Mutual labels: natural-language-processing, named-entity-recognition, ner

Spacy Transformers

🛸 Use pretrained transformers like BERT, XLNet and GPT-2 in spaCy

Stars: ✭ 919 (+404.95%)

Mutual labels: natural-language-processing, transfer-learning, language-model

Nagisa Tutorial Pycon2019

Code for PyCon JP 2019 talk "Python による日本語自然言語処理〜系列ラベリングによる実世界テキスト分析〜"

Stars: ✭ 46 (-74.73%)

Mutual labels: jupyter-notebook, natural-language-processing, named-entity-recognition

Text Analytics With Python

Learn how to process, classify, cluster, summarize, understand syntax, semantics and sentiment of text data with the power of Python! This repository contains code and datasets used in my book, "Text Analytics with Python" published by Apress/Springer.

Stars: ✭ 1,132 (+521.98%)

Mutual labels: jupyter-notebook, natural-language-processing, scikit-learn

Bert Multitask Learning

BERT for Multitask Learning

Stars: ✭ 380 (+108.79%)

Mutual labels: jupyter-notebook, named-entity-recognition, ner

Bnlp

BNLP is a natural language processing toolkit for Bengali Language.

Stars: ✭ 127 (-30.22%)

Mutual labels: jupyter-notebook, named-entity-recognition, ner

Multilstm

keras attentional bi-LSTM-CRF for Joint NLU (slot-filling and intent detection) with ATIS

Stars: ✭ 122 (-32.97%)

Mutual labels: jupyter-notebook, named-entity-recognition, ner

Ncrfpp

NCRF++, a Neural Sequence Labeling Toolkit. Easy use to any sequence labeling tasks (e.g. NER, POS, Segmentation). It includes character LSTM/CNN, word LSTM/CNN and softmax/CRF components.

Stars: ✭ 1,767 (+870.88%)

Mutual labels: natural-language-processing, named-entity-recognition, ner

Entity Recognition Datasets

A collection of corpora for named entity recognition (NER) and entity recognition tasks. These annotated datasets cover a variety of languages, domains and entity types.

Stars: ✭ 891 (+389.56%)

Mutual labels: natural-language-processing, named-entity-recognition, ner

Awesome Bert Nlp

A curated list of NLP resources focused on BERT, attention mechanism, Transformer networks, and transfer learning.

Stars: ✭ 567 (+211.54%)

Mutual labels: natural-language-processing, transfer-learning, language-model

Ner blstm Crf

LSTM-CRF for NER with ConLL-2002 dataset

Stars: ✭ 51 (-71.98%)

Mutual labels: jupyter-notebook, named-entity-recognition, ner

Transformers Tutorials

Github repo with tutorials to fine tune transformers for diff NLP tasks

Stars: ✭ 384 (+110.99%)

Mutual labels: jupyter-notebook, natural-language-processing, named-entity-recognition

Kashgari

Kashgari is a production-level NLP Transfer learning framework built on top of tf.keras for text-labeling and text-classification, includes Word2Vec, BERT, and GPT2 Language Embedding.
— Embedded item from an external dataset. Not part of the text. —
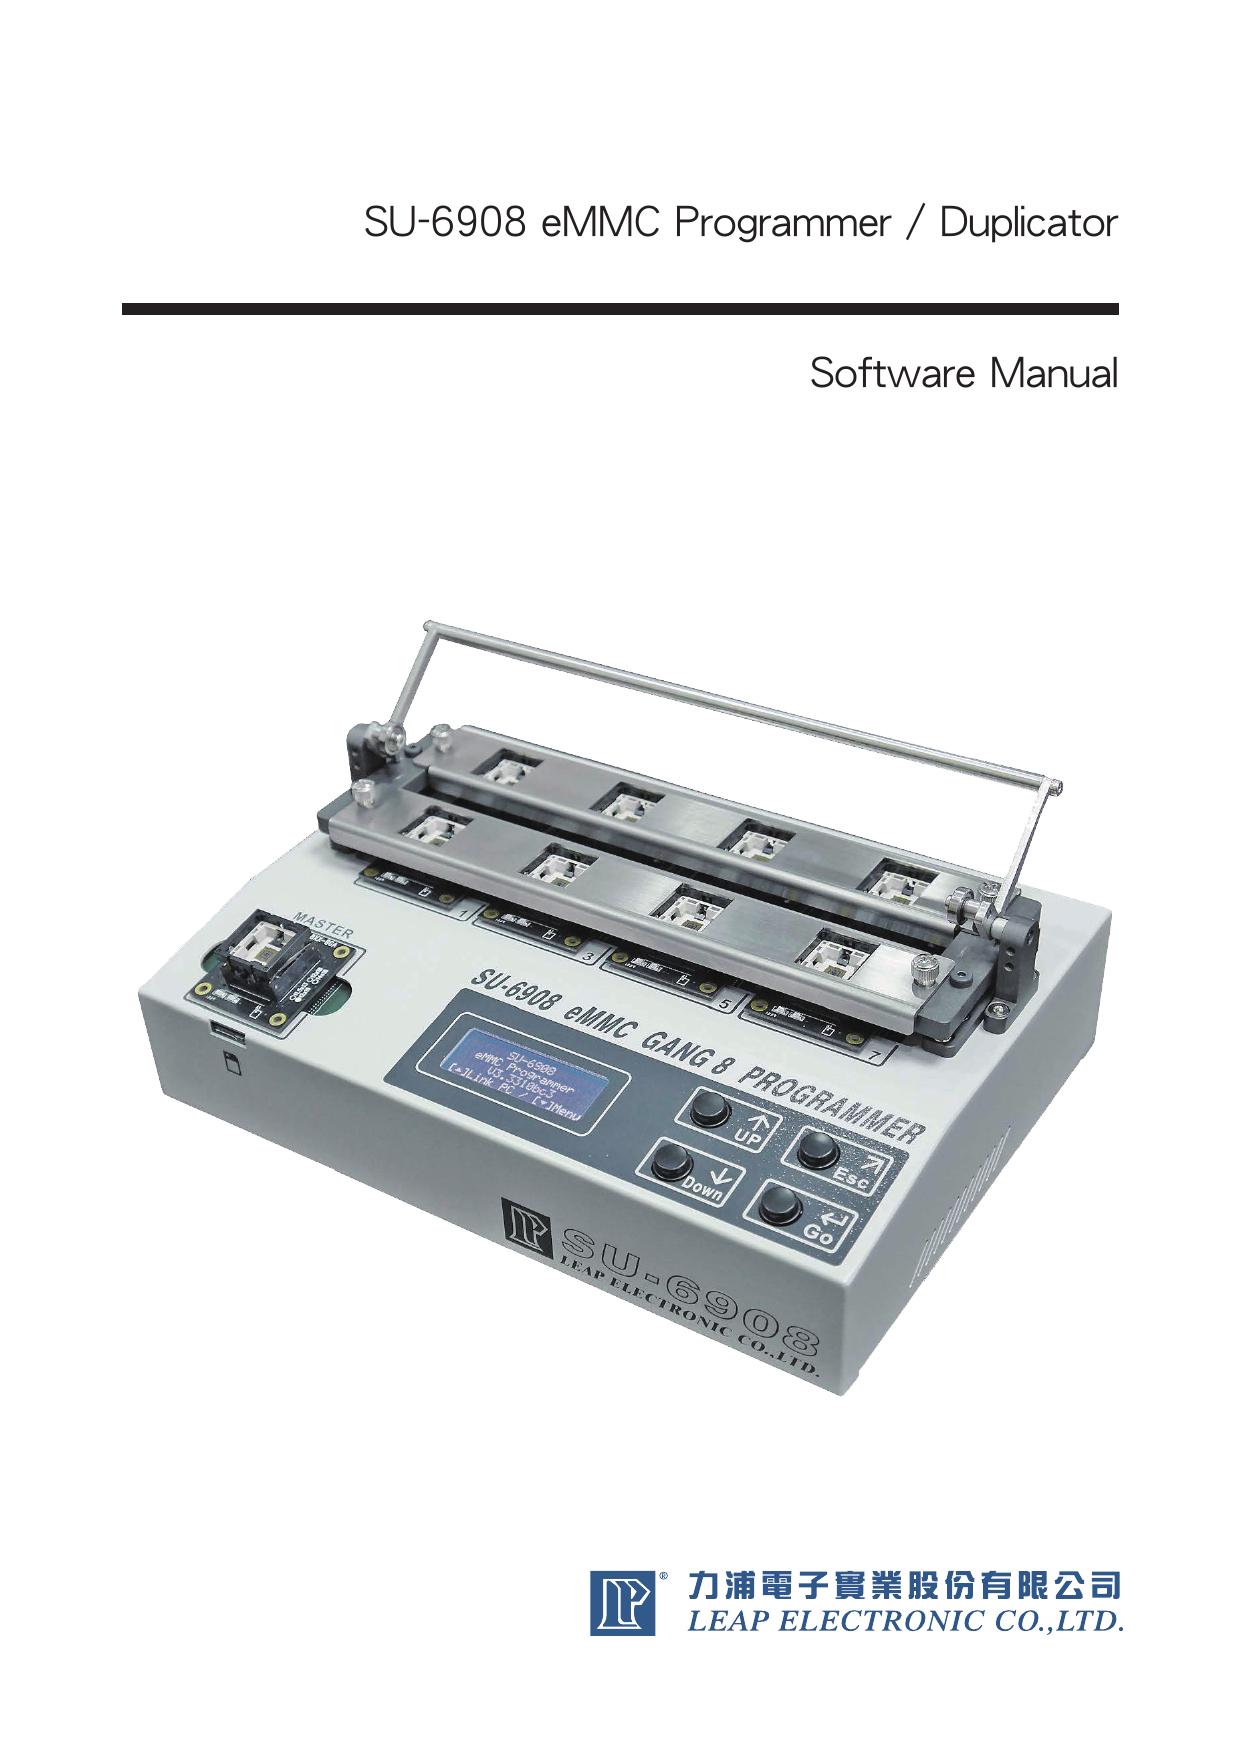 SU-6908 eMMC Programmer / Duplicator Software Manual | manualzz com

Stars: ✭ 2,235 (+1128.02%)

Mutual labels: named-entity-recognition, transfer-learning, ner

Vncorenlp

A Vietnamese natural language processing toolkit (NAACL 2018)

Stars: ✭ 354 (+94.51%)

Mutual labels: natural-language-processing, named-entity-recognition, ner

Spacy Streamlit

👑 spaCy building blocks and visualizers for Streamlit apps

Stars: ✭ 360 (+97.8%)

Mutual labels: natural-language-processing, named-entity-recognition, ner

Dat8

General Assembly's 2015 Data Science course in Washington, DC

Stars: ✭ 1,516 (+732.97%)

Mutual labels: jupyter-notebook, natural-language-processing, scikit-learn

View All Similar Projects ➔

scikit-learn wrapper to finetune BERT

A scikit-learn wrapper to finetune Google's BERT model for text and token sequence tasks based on the huggingface pytorch port.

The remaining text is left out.